The dual-loop FGD, comprising both quencher and absorber loop, are compared with single-loop FGD subsystems. Both loops show comparable removal efficiencies of oxidized mercury compounds and are therefore relevant for mercury removal in the system. In the dual-loop process, sulphite and halides are key parameters, influencing the formation of mercury complexes and redox reactions, leading to mercury reemissions. As the quencher is fed by the raw gas, the largest share of the flue-gas load of mercury compounds is removed. The quencher is a more favourable loop than the absorber, as the formation of mercury complexes with chloride is enhanced. At high pH-values, higher shares of sulphite on sulphur(IV) promote the formation of [Hg(SO3)2]2- in the absorber and accelerate the mass transfer from gaseous to liquid phase. The reemission ratio of the absorber is slightly higher, as complexes with sulphite are assumed to be less stable under the prevailing conditions. The oxidation air is a key parameter, as it both influences the oxidation-reduction conditions and promotes the oxidation of sulphite to sulphate. Regarding formation of gypsum in the dual-loop process, the adsorption of mercury on particles is reduced at a lower operational pH-value, which respectively goes along with a higher oxidation-reduction potential. The dual-loop process constitutes a system in which interactions between the loops can lead to mercury reemissions. Furthermore, the flue-gas sulphur and the hydrogen halide loads influence the process.

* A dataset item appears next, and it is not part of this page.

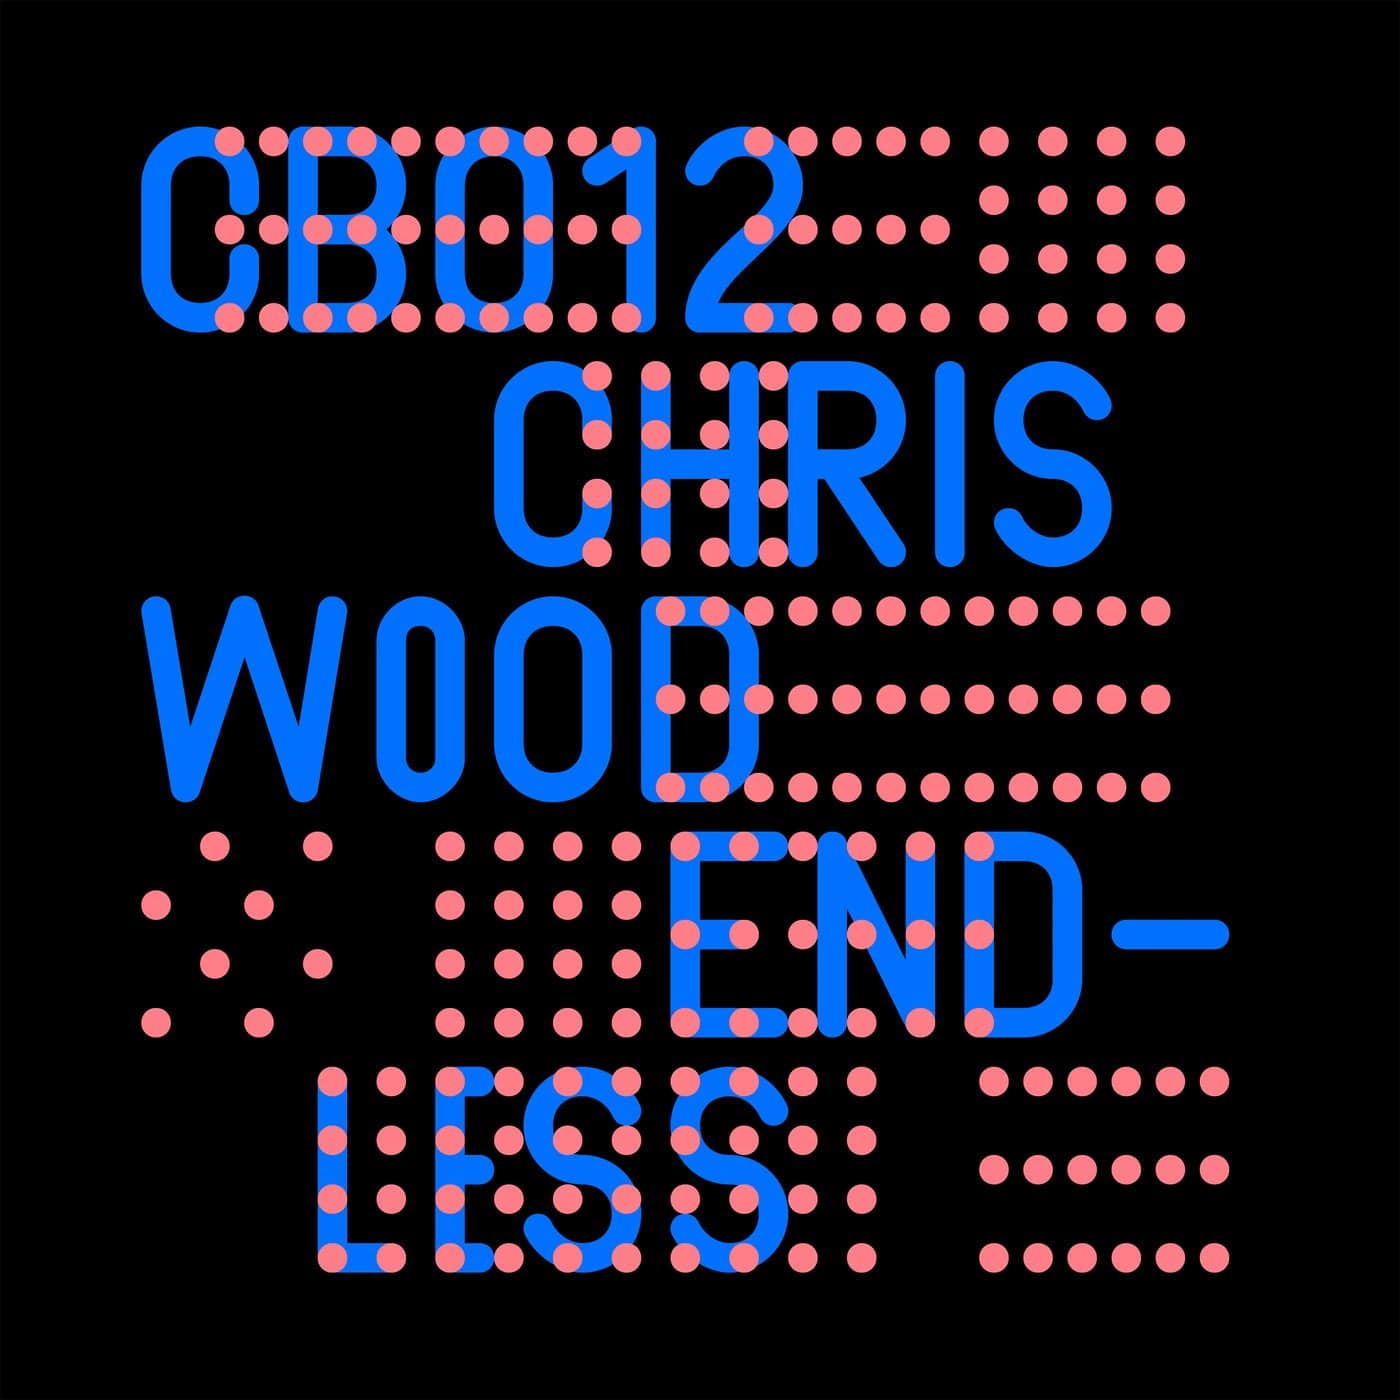 image cover: Chris Wood, Christian Burkhardt - Endless / CBS012

Improvements in total mercury removal are focused on the removal and the retention of mercury in both quencher and absorber loops and on the adaption of the operation to the actual flue-gas composition with regard to the sulphur dioxide load as well as on the increase in halide concentrations in the absorber. The use of small shares of burnt lime in the dosed limestone has been shown to improve operation conditions for mercury removal and retention.
The aim of this thesis is to widen the understanding of the mercury behaviour in the dual-loop FGD. As the dual-loop system is influenced by interactions between the two loops and the flue-gas, it is believed that the simple transfer of single-loop mercury studies on the dual-loop process is not possible. It is hoped that increased knowledge of the processes in the dual-loop FGD will help to improve the environmental impact of the system.